__Information provided__
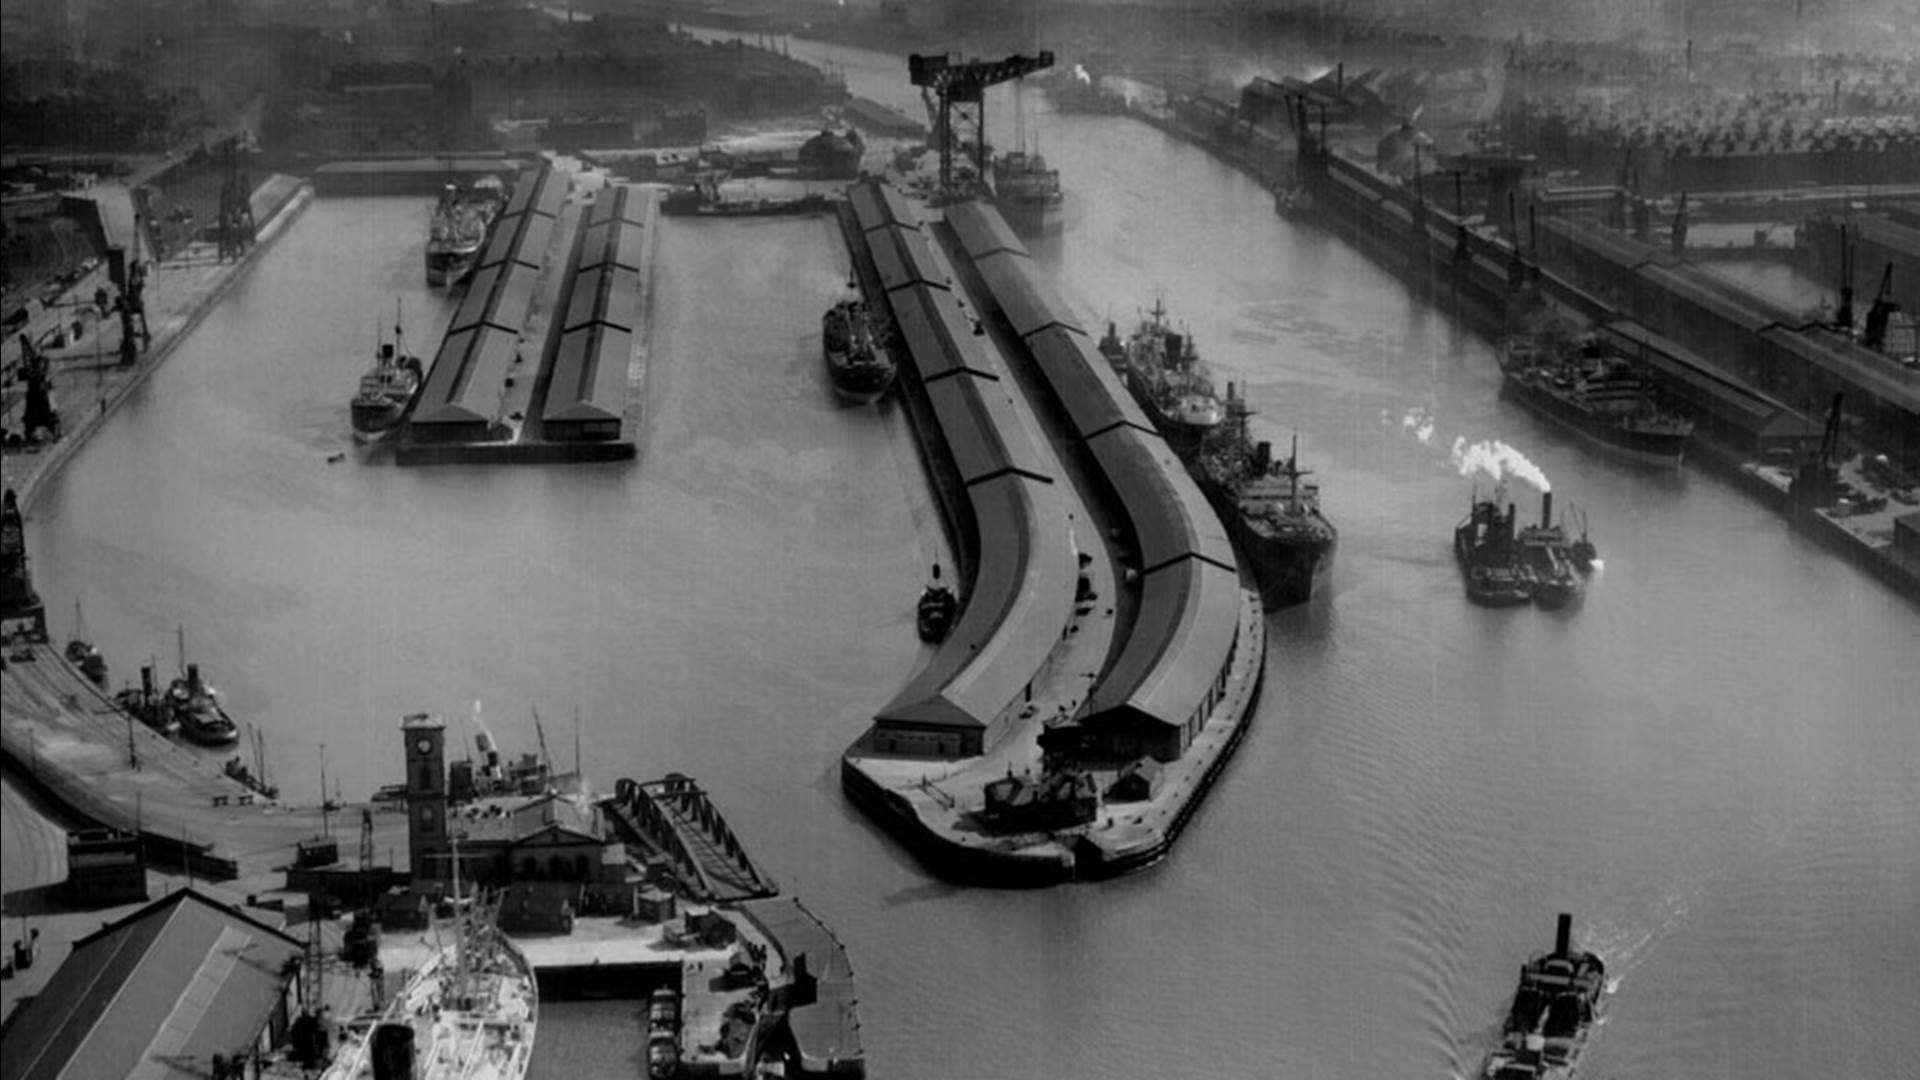 The Old Clydeside Shipyards
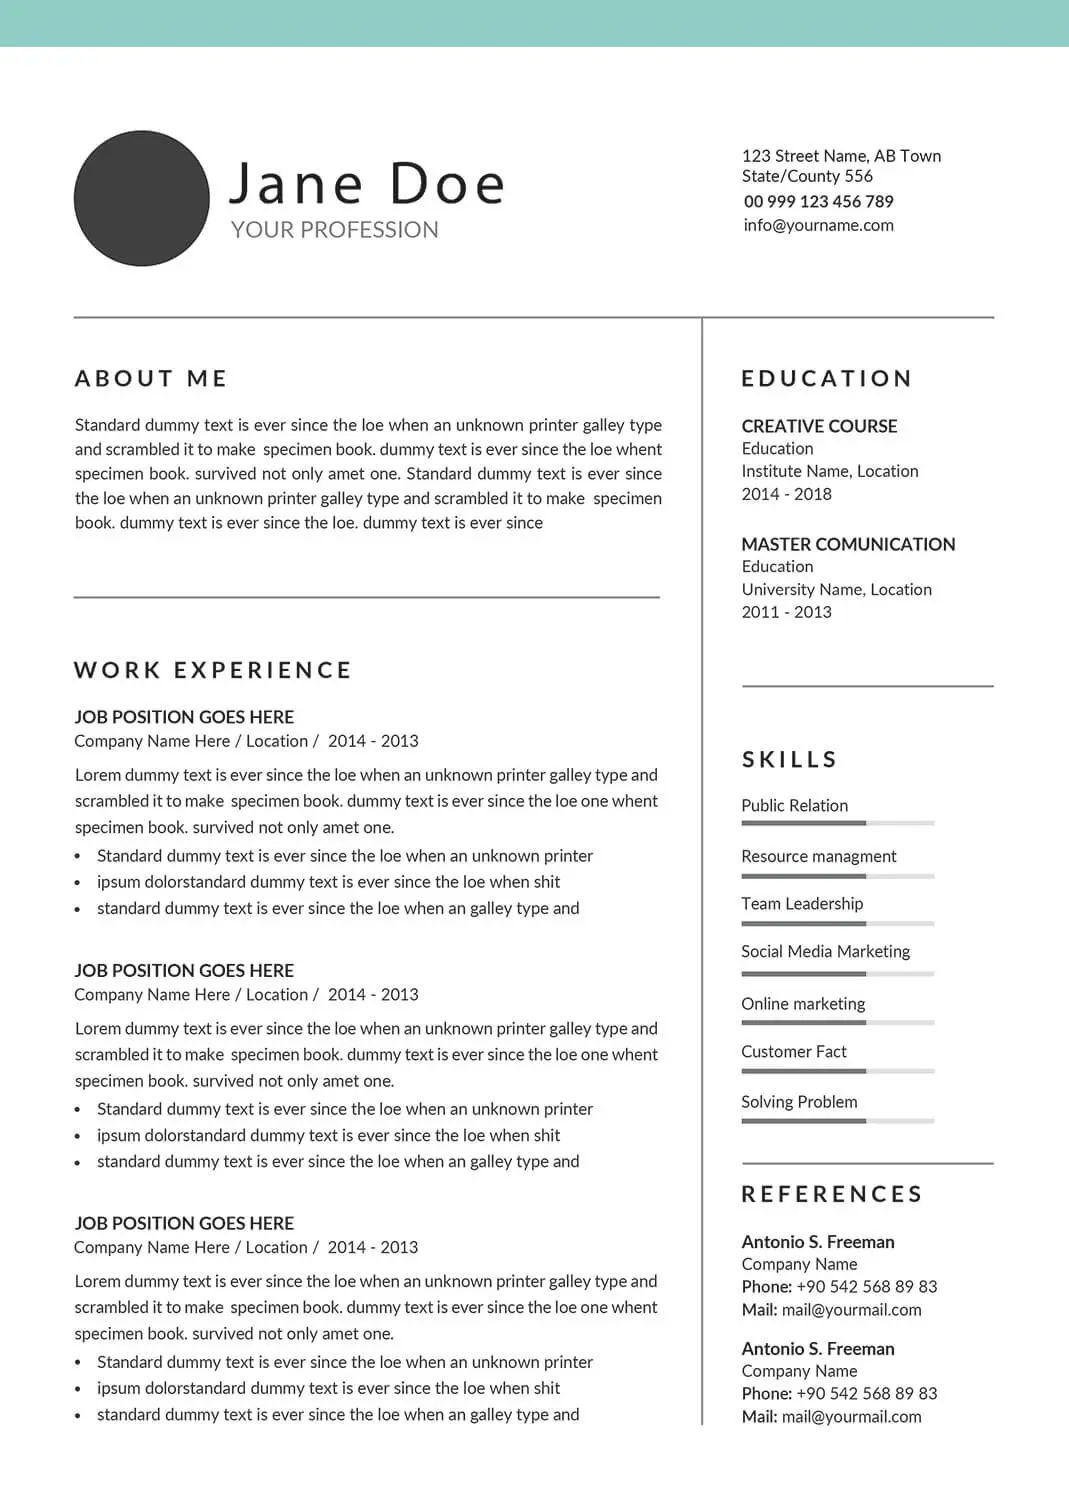 Best resume format for
quality assurance professionals

__Exercise goal__
No pictures belong in the answer; copy all other parts of the listing exactly.

__Reply to the exercise__
 The Old Clydeside Shipyards
 Best resume format for
quality assurance professionals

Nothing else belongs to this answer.